I'm also looking at potentially implementing other algorithms that don't care about data races. I picked Rust because of its great concurrency support, but is this maybe something that Rust isn't suited for? I'd be happy to just write one line of unsafe code that mutates arr3, but it seems more complex than just the equivalent C/C++ code. It would be nice if there was just an unsafe mode that let me do whatever I want and trusted my choices, as that is what I understand unsafe is for.

You can avoid the errors about 'static by using crossbeam::scope to spawn your threads. As for writing to the array without synchronization, you can do that with UnsafeCell or raw pointers.

1 Like

If Rust's safety features are incompatible with your algorithm, you can write it using raw pointers. You'll be manually responsible for maintaining all of the memory invariants that rustc expects; they are different from C's invariants, sometimes in subtle ways-- This is the ultimate 'do what I say' mode in Rust, and other unsafe approaches are usually easier to get right.

assert!(arr3.len() > 2);
let arr3_ptr = arr3.as_mut_ptr();
unsafe {
     arr3_ptr.offset(1).write(42);
}
1 Like

You can do it with UnsafeCell like this:

use std::cell::UnsafeCell;

#[derive(Copy, Clone)]
struct UnsafeSlice<'a, T> {
    slice: &'a [UnsafeCell<T>],
}
unsafe impl<'a, T: Send + Sync> Send for UnsafeSlice<'a, T> {}
unsafe impl<'a, T: Send + Sync> Sync for UnsafeSlice<'a, T> {}

impl<'a, T> UnsafeSlice<'a, T> {
    pub fn new(slice: &'a mut [T]) -> Self {
        let ptr = slice as *mut [T] as *const [UnsafeCell<T>];
        Self {
            slice: unsafe { &*ptr },
        }
    }
    
    /// SAFETY: It is UB if two threads write to the same index without
    /// synchronization.
    pub unsafe fn write(&self, i: usize, value: T) {
        let ptr = self.slice[i].get();
        *ptr = value;
    }
}

Note that unlike the approach that just uses raw pointers, this approach still has the compiler verify that you have no use-out-of-bounds or after-frees, which you can do by using crossbeam::scope. Only the data-race part is up to you.

Edit: Added running of destructors of previous values in array.

5 Likes

If you're working exclusively with i32s, I think you can also reinterpret them as atomics:

let arr3: &[AtomicI32] = unsafe { &*(arr3 as *mut [i32] as *mut [AtomicI32]) }

This gives you synchronized access, but at a much finer level of control than you'd get with a Mutex.

1 Like

I strongly suggest you read the first Rust Koan.

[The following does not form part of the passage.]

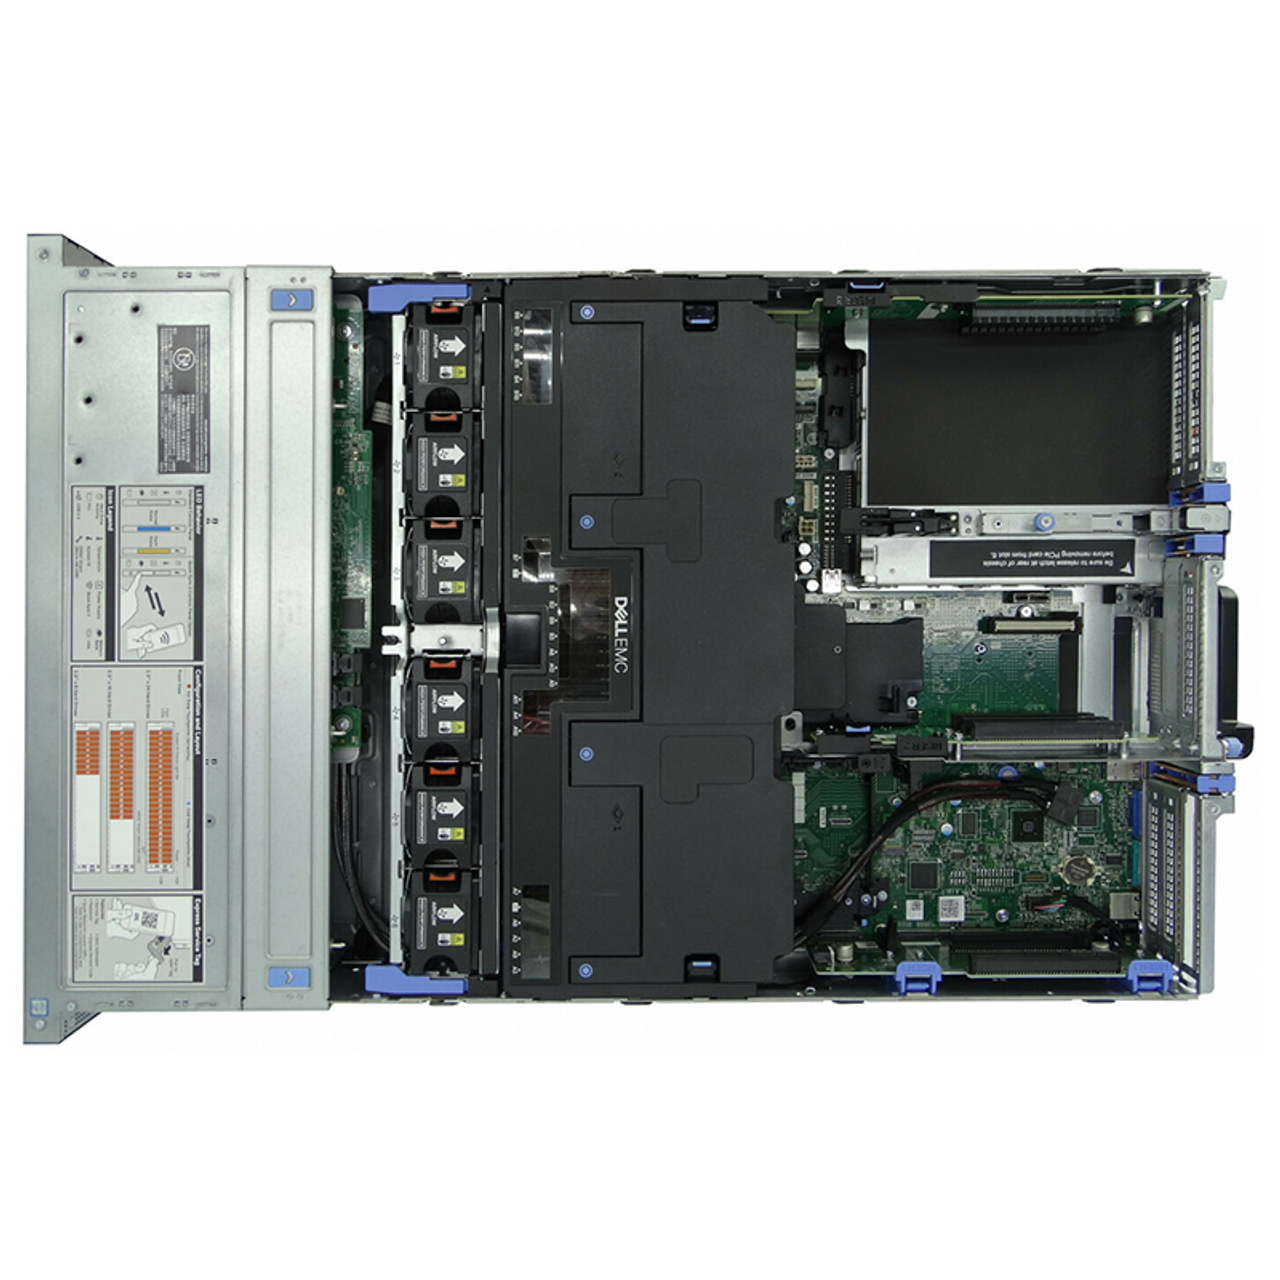 Dell EMC 14G PowerEdge R740 - 8 Bay 2.5 Inch Small Form Factor - 2U Server  - Configure to Order

This feels complex because it is complex... Using unsafe Rust or C doesn't make it any less complex, it just makes the compiler warnings go away.

That said, you may want to have a look at rayon's implementation of a parallel merge sort for inspiration. It's mostly copied from the Rust standard library, with adaptations to enable parallelism.

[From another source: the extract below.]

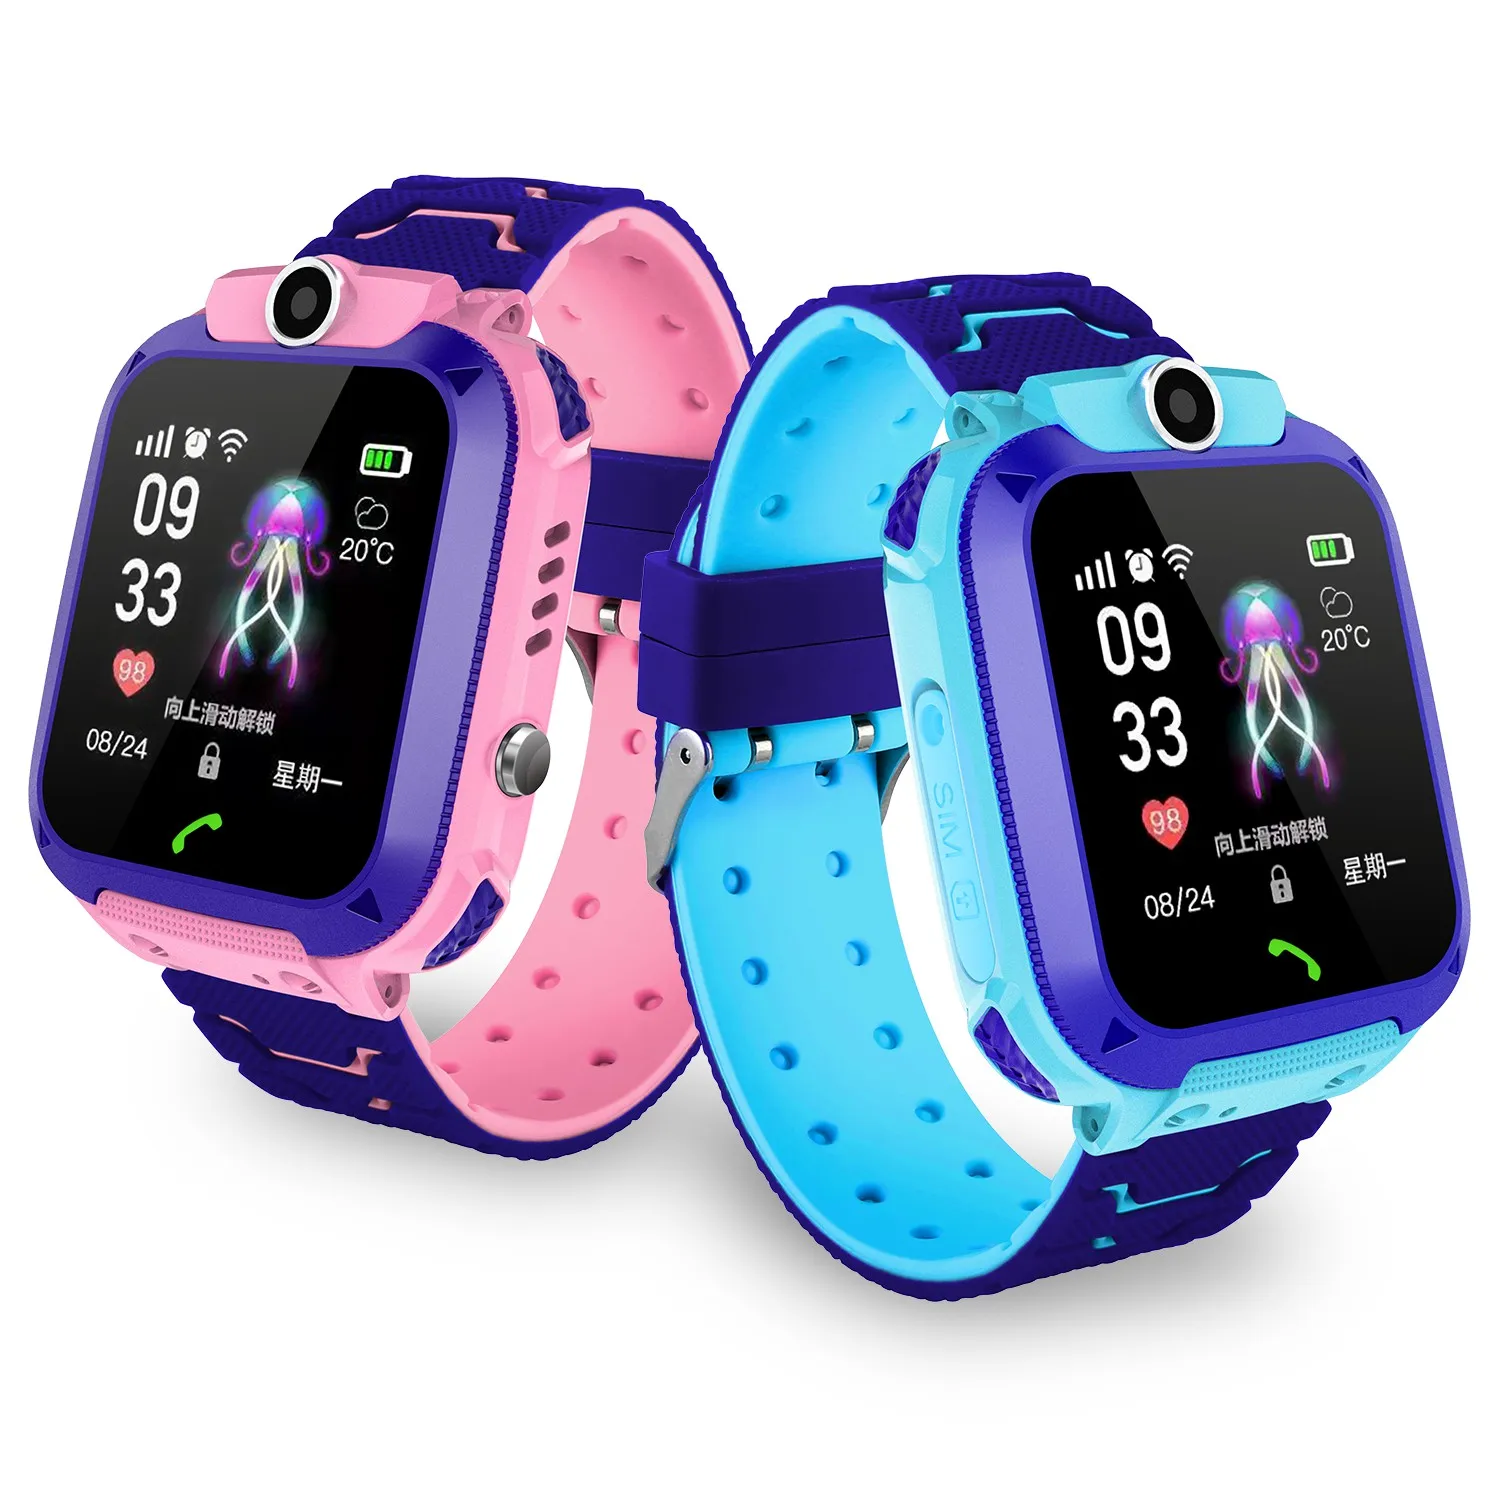 

Amazon Hot Sale Child smart watch Q12 Smartwatch 2G Child Anti-Lost SOS Call GSM LBS Location Kids smart watch Q12

Oh wow, I can't reiterate how much this helps me. Thank you. I didn't only ask this question here, and no one could help me. This really is great, made my day!

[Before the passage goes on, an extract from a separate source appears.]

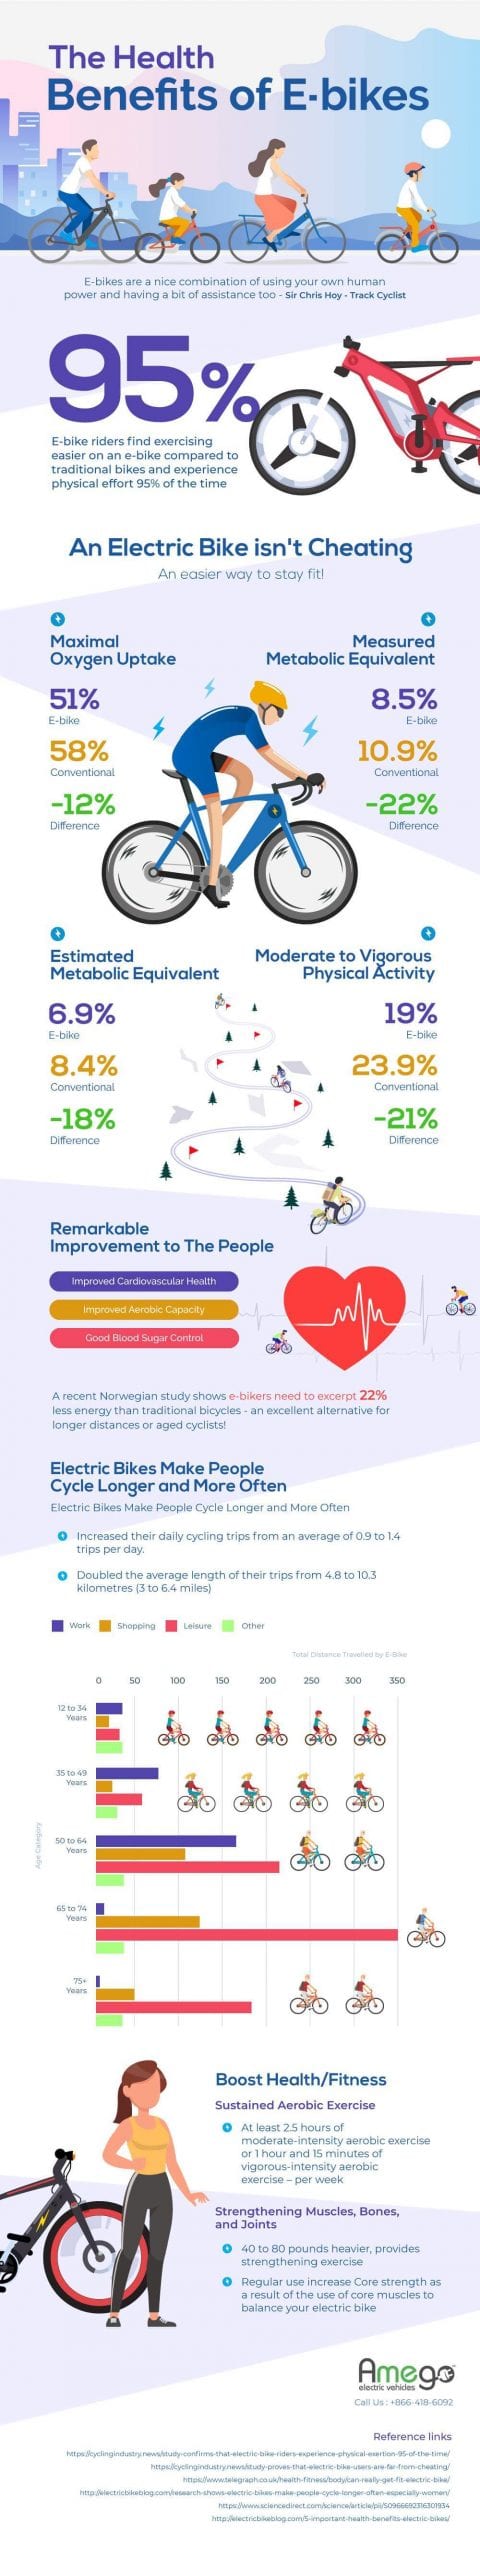 The Health Benefits of E-bikes

Am I correct that manually implementing Sync and Send is the only way, because I read between the lines that there is a more "raw" way to do it. Mainly asking out of curiosity, but other than that this finally solves my problem. :pray:

The "more raw" way is to just use raw pointers directly with things such as arr3_ptr.offset(1).write(42) like in @2e71828's post. You still need to manually implement Send and Sync on a wrapper type to do that though.

The "more raw" method has the downside of not verifying the code to be free of out-of-bounds or use-after-free either, which the UnsafeCell approach does help you with.

1 Like

Thank you, I'll check it out.

I also asked on StackOverflow but didn't get a good answer. Would it be okay if I post your code on StackOverflow as a Community Wiki, or do you want me to point you to said thread so you can answer it yourself?

If you link it here, I'll post a comprehensive answer.

1 Like

https://stackoverflow.com/questions/65178245/rust-writing-to-shared-memory-with-multiple-threads-no-mutexes

That is the post. It has one downvote, probably because my initial question wasn't so well received. I hope I improved it now so it's beneficial for others who see this in the future.